Which Players Will Receive Qualifying Offers?

This is the first offseason with qualifying offers for free agents, rather than the Elias ranking system and "offering arbitration" to free agents.  Teams have the opportunity to make qualifying offers of $13.3MM to their free agents by Friday at 5pm eastern time, assuming the player was with the team the entire season.  If offered, players must decide whether to accept by November 9th at 5pm eastern time.  Similar to the old system, accepting makes you a signed player for 2013, and declining puts you on the open market with a draft pick cost attached.  Ben Nicholson-Smith explained qualifying offers in further detail in this May article.
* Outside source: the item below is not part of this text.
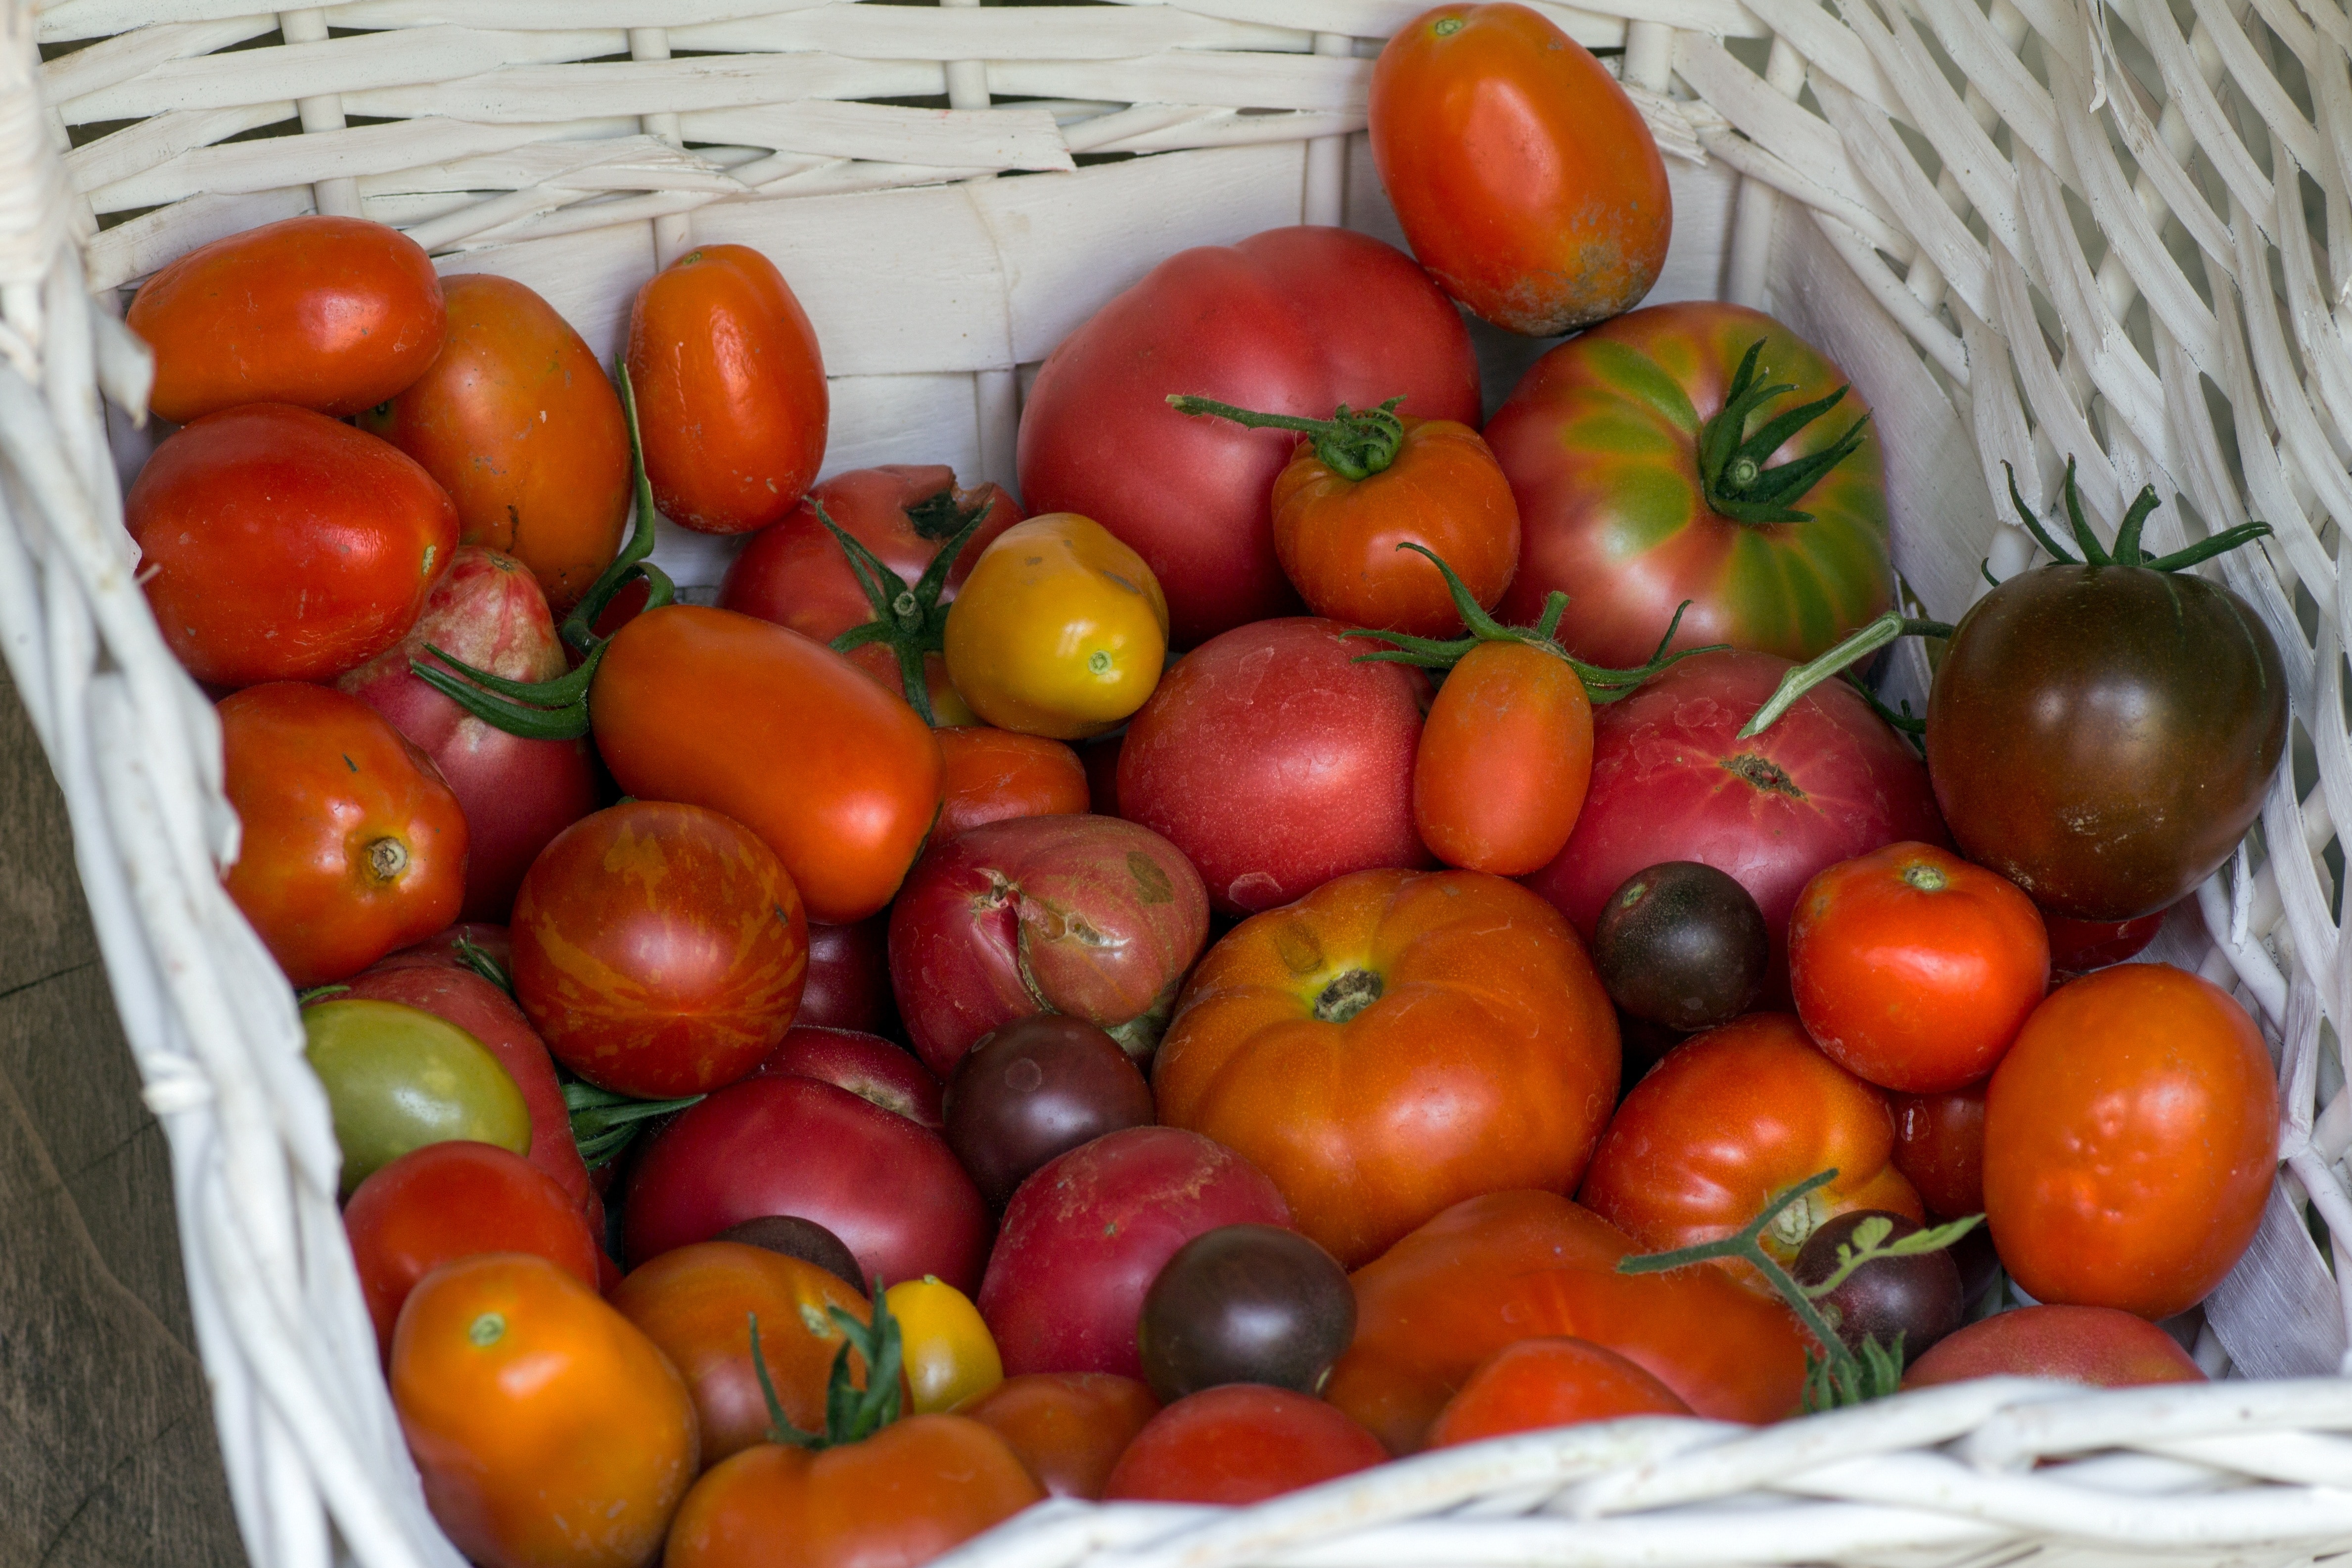 Vegetables, Tomatoes, Basket, fruit, food and drink

The risk of making a qualifying offer is that the player might accept, so we won't see them made to players who are worth nowhere near $13.3MM.  The benefit of offering is that the player may turn it down and sign elsewhere, giving his old team a supplemental draft pick at the end of the first round.  It is possible to decline a club option and then make a qualifying offer.  By my estimation, about a dozen players stand a reasonable chance of receiving a qualifying offer on Friday:

  • Josh Hamilton: The Rangers will certainly offer, and Hamilton will definitely turn it down in search of a multiyear deal at a higher salary.
  • Mike Napoli: This is a borderline case.  My guess is that the Rangers do not offer, as Napoli would have a solid chance of accepting the $13.3MM salary and they may not want to allocate that amount of money to him for 2013.
  • Michael Bourn:  I expect the Braves to make Bourn a qualifying offer, as he's likely expecting a multiyear deal somewhere.
  • B.J. Upton: The Rays will probably make the offer, as Upton also expects a much bigger contract.  If he were to accept for some reason, he'd be tradeable.
  • Nick Swisher: Another easy one: the Yankees will offer, and Swisher will decline in search of a multiyear deal.
  • Edwin Jackson:  This case probably gives the Nationals pause, as $13.3MM is a bit steep for Jackson.  Still, they had good results for $11MM in 2012 and are likely to take the risk of the 21% raise.  I imagine Jackson is all about a multiyear deal this time, anyway.
  • Adam LaRoche: The Nationals want LaRoche back and are likely to make a qualifying offer.
  • Dan Haren: This is a tricky one for the Angels.  They can buy out Haren's $15.5MM option for $3.5MM; doing so indicates they don't value him at $12MM for one year.  To make a qualifying offer after paying the buyout is a risk they probably would not take.  The Halos could exercise Haren's option and then trade him, kicking in the $3.5MM they would have had to pay anyway and getting some kind of useful player in return.
  • Hiroki Kuroda: Similar to Jackson, $13.3MM would feel a little steep for Kuroda but the Yankees will probably do it.
  • Kyle Lohse: Lohse is a good bet to receive a qualifying offer from the Cardinals.
  • Angel Pagan: Pagan is 31 and this is his best shot at a big multiyear deal.  I expect the Giants to offer and Pagan to decline, though they could just work out a new contract.
  • David Ortiz: The Red Sox might as well make the offer, as it gives them leverage and Ortiz clearly wants multiple years.  I doubt he'd like a one-year deal at a pay cut or hitting the open market with a draft pick cost.
  • Rafael Soriano: He's expected to choose a $1.5MM buyout over a $14MM salary for 2013.  At that point the Yankees are rumored likely to make a qualifying offer.  Soriano could accept and come out $800K ahead overall, or he could decline and look for multiple years despite the draft pick cost.
  • Torii Hunter: I don't think the Angels would take the risk.